Purpose: : Measurement of cellular metabolism during corneal epithelial wound healing requires tissue processing and ex-vivo analytical methods. Two-photon fluorescence lifetime measurement (FLIM) has been demonstrated to be a suitable non-invasive optical method to analyze consecutive changes in NADH metabolism in cancer cells in-vitro. In this study we used FLIM to analyze changes of cellular NADH-metabolism in tissue and organ cultures to investigate a potential use of two-photon FLIM as a future non-invasive optical device for analyzing metabolic changes during wound healing processes at the ocular surface in-vivo.
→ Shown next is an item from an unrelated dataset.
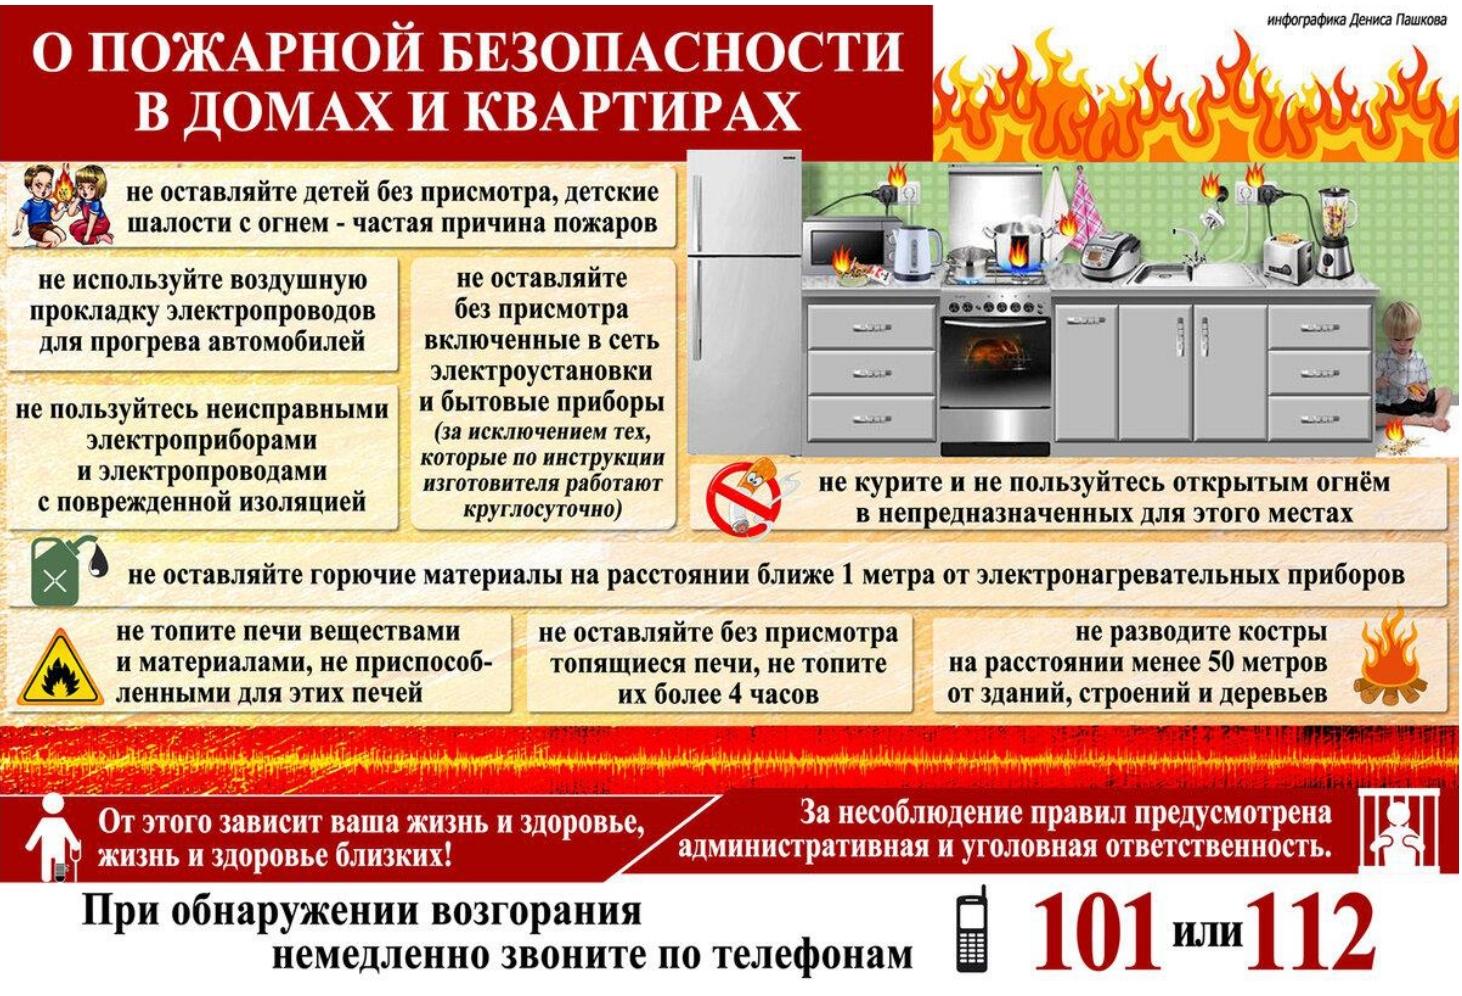 О пожарной безопасности в домах и квартирах

Methods: : Non-invasive two-photon FLIM was conducted on a tissue-culture scratch model (HCE-cells) and a murine eye organ culture (NaOH-erosion). Changes of mean NADH-lifetimes and free to bound NADH ratios were analyzed in tissue and organ cultures before and directly after manipulation and repeatedly until closure of scratch or erosion. In addition, changes of mean NADH-lifetimes and NADH-ratios were investigated after application of the respiratory chain inhibitor rotenone. Data was analyzed by SPCImage software.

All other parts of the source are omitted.